XXXXXXXXX 00 00 00 00 00 00 00 00 00 00 02 03 00 00 15 00  [................]
XXXXXXXXX 00 00 00 00 00 00 00 00 00 00 00 00 00 00 00 00  [................]
XXXXXXXXX 00 00 00 00 00 00 00 07 05 C4 02                 [...........]
-----Current Page-----
nsbfdbpt 0x1b74mmmm
ifccrcp = 0x1b74mmm, ifccrcl = 0x1b74emmm
buffer length = 56
XXXXXXXXX                                  01 02 1C 21 54             [...!T]
..................................
..................................
XXXXXXXXX 04 C3 47 51 57 06 C5 04 41 64 58 51 06 C5 04 42  [..GQW...AdXQ...B]
XXXXXXXXX 01 58 51                                         [.XQ]

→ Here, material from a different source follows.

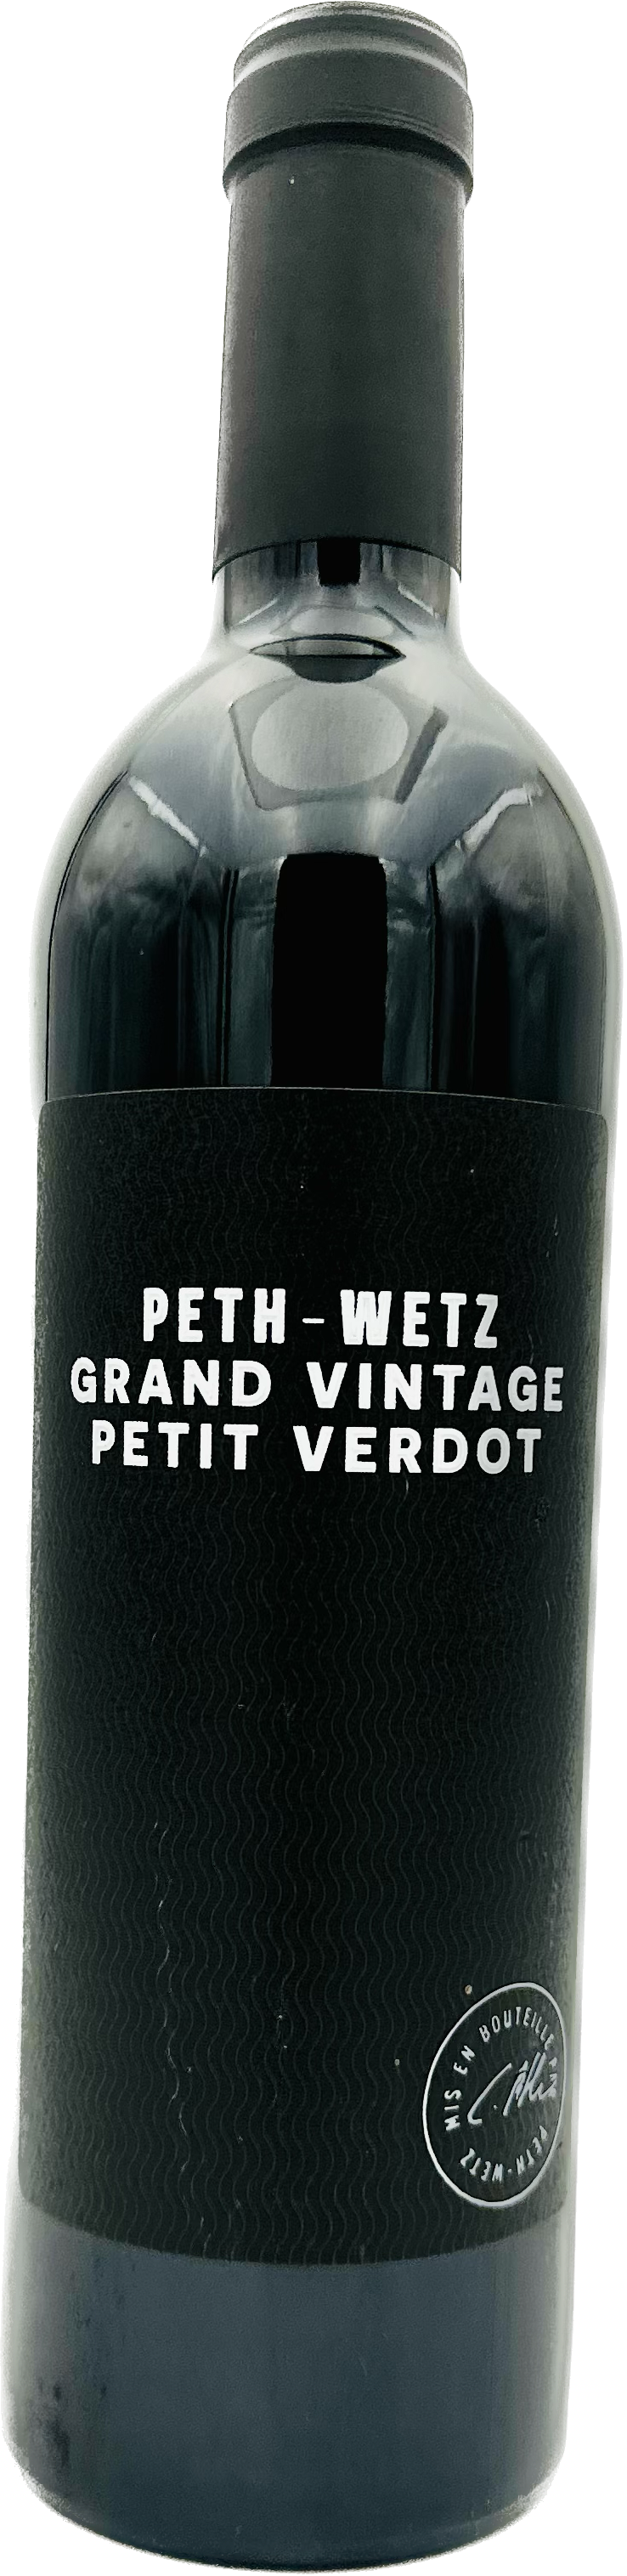 Peth-Wetz Petit Verdot Grand Vintage 2018

03 5E – The Page before shows we have an OALL8 packet and it looks like bind data has been left on the wire. As you can see last three bytes of bind data is left and read as new packet also they matches our error.

Also, in that last three bytes length of first bind data is 5 second is 21 and so on.

I have change some names of files and other stuff but data which i want to show are same from trace.